Using the methods described here, a full amino acid coupling and Fmoc deprotection cycle was completed simultaneously for 8 peptides in approximately 15–20 min. In comparison, the manual synthesis of a single peptide at a time requires 10–15 min per residue, resulting in a total of 80–150 min to add an amino acid to 8 peptides individually. Therefore, using the apparatus designed here to couple 8 amino acids simultaneously, the average synthesis time per peptide was reduced to timescales that rival high-speed sequential peptide synthesizers.
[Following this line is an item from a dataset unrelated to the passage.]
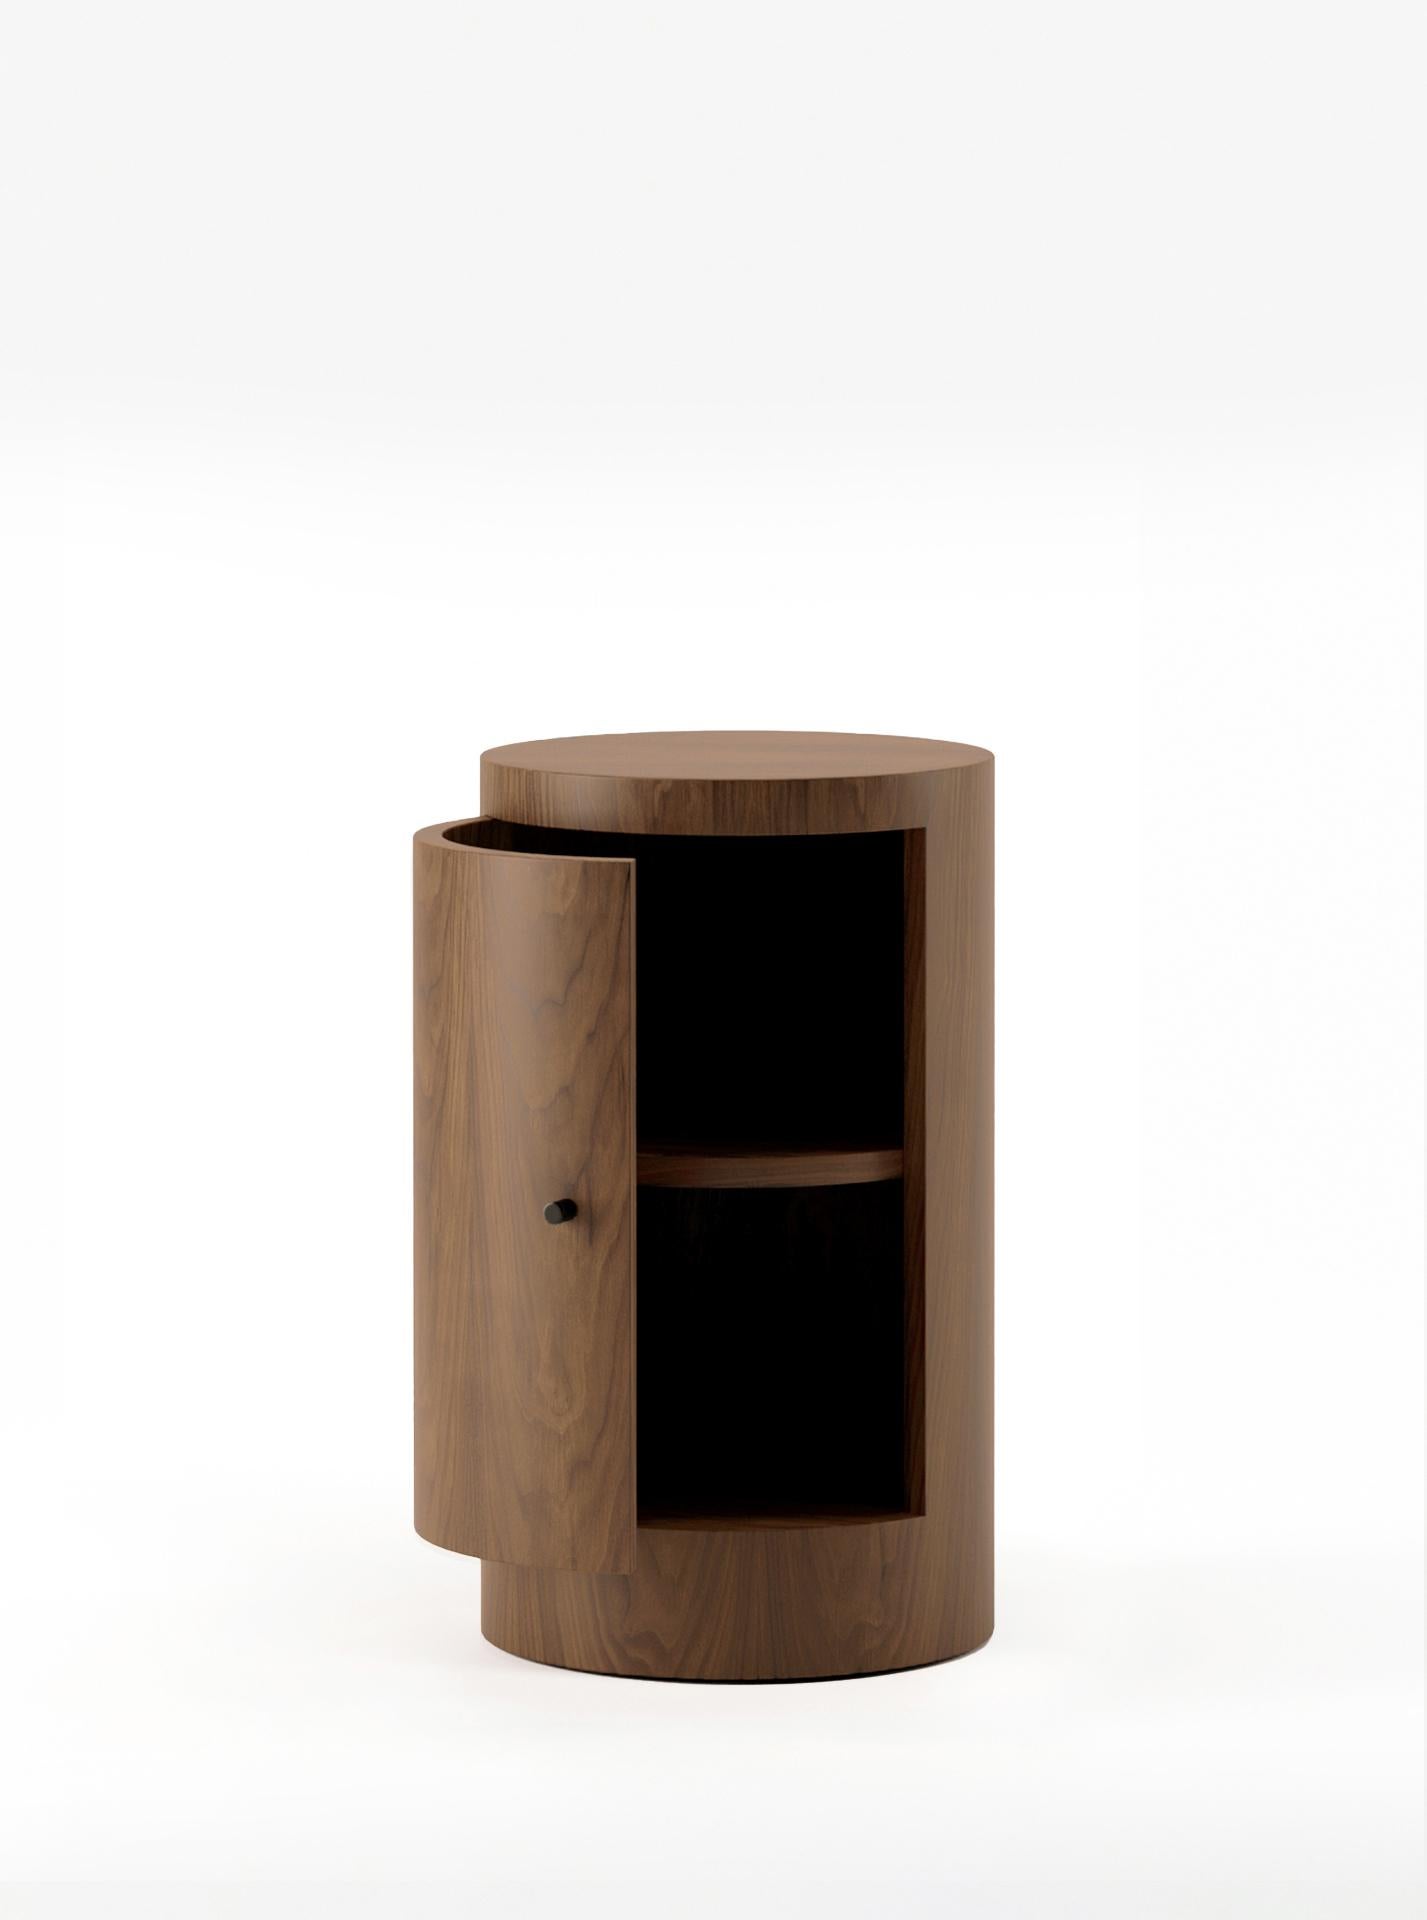 Minimalist Pair of Constant Night Stands in Walnut by Master Studio for Lemon For Sale

Rapid manual synthesis also offers an intermediate scale of peptide synthesis throughput between small, milligram-scale libraries and large, gram-scale single peptide synthesis. A batch of up to 8 crude 15-mer peptides can be synthesized every 2 days by a single user, enabling experiments utilizing between 10 and 100 unique peptides at ~100 mg scales. Rapid manual in-house SPPS allows iteration of synthesis procedures and sequences. When synthesizing novel peptides, it can be challenging to predict which amino acids may require double coupling or alternative reaction conditions or which peptides may have poor solubility and require sequence modification. Typical commercial peptide synthesis services typically have turnaround times of weeks. In the case of unexpectedly difficult syntheses requiring reaction condition or sequence changes, time may increase to months. Rapid manual synthesis allows laboratories without automated SPPS systems to iterate reaction conditions for novel peptides of interest on timescales of a day. Additionally, any amino acid or reagent can be added as the user desires, enabling the facile investigation of unique modifications or unnatural amino acids in peptides.
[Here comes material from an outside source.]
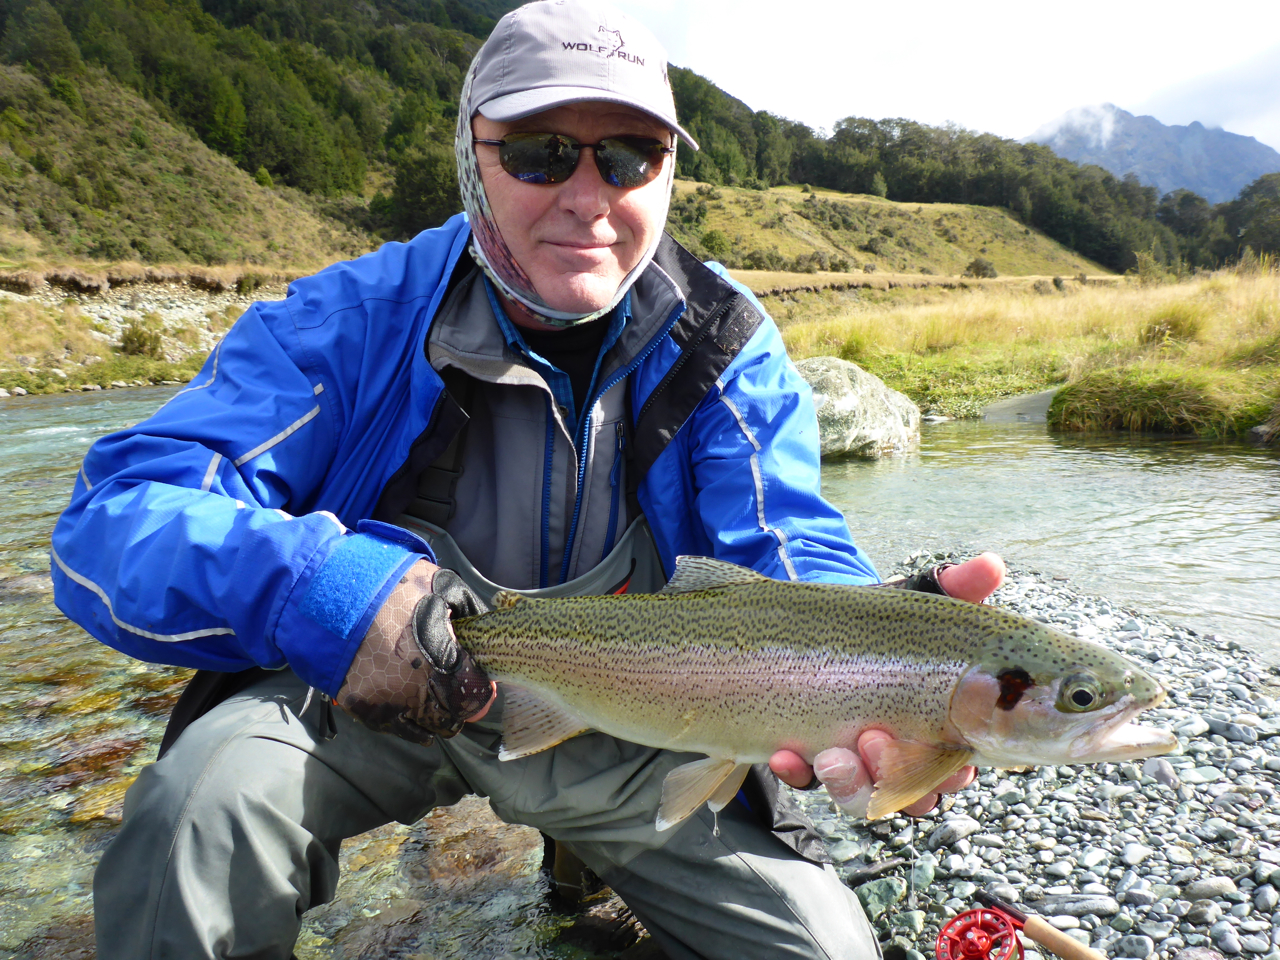 Chris with a healthy rainbow  during a fun day in the wilderness!

However, even rapid parallel manual synthesis requires considerable time block demands. The fast cycles make multitasking difficult for the user, as the most prolonged period of inactivity needed is 5 min. As a result, careful scheduling and collaboration of synthesis duties for peptides exceeding 10 amino acids in length are recommended. Clear and concise checklists for each synthesis step are necessary for individual and shared use to minimize human errors. A representative checklist has been included in the supplemental information.
4 Conclusions
Methods were developed for rapid manual parallel solid-state peptide synthesis as a practical, low-cost approach for quickly synthesizing peptides up to 16 amino acids long. An apparatus was designed to execute eight parallel reactions, and methods were demonstrated for synthesizing over 50 standard peptides with a range of functions, including adhesive peptides, crosslink hydrogels, and functionalized nanoparticles for tissue targeting or reduced protein adhesion. This simple method provides an opportunity to greatly expand access to peptides for low-resource settings.
Acknowledgments
Funding for this study was provided by the National Institutes of Health (NIH) F31AR076874 (CO), T32GM118283, R01DE018023, R01AR056696, R01EY033192, R21AR081063, R21EY027834, S10OD030302, the National Science Foundation (NSF) CBET-1450897 and DMR-2103553, and Schlumberger Faculty for the Future (to EAS). The content is solely the authors' responsibility and does not necessarily represent the official view of the National Institutes of Health or the National Science Foundation.
Conflicts of Interest
The authors declare no conflicts of interest.
Open Research
Data Availability Statement
The data that support the findings of this study are available from the corresponding author upon reasonable request.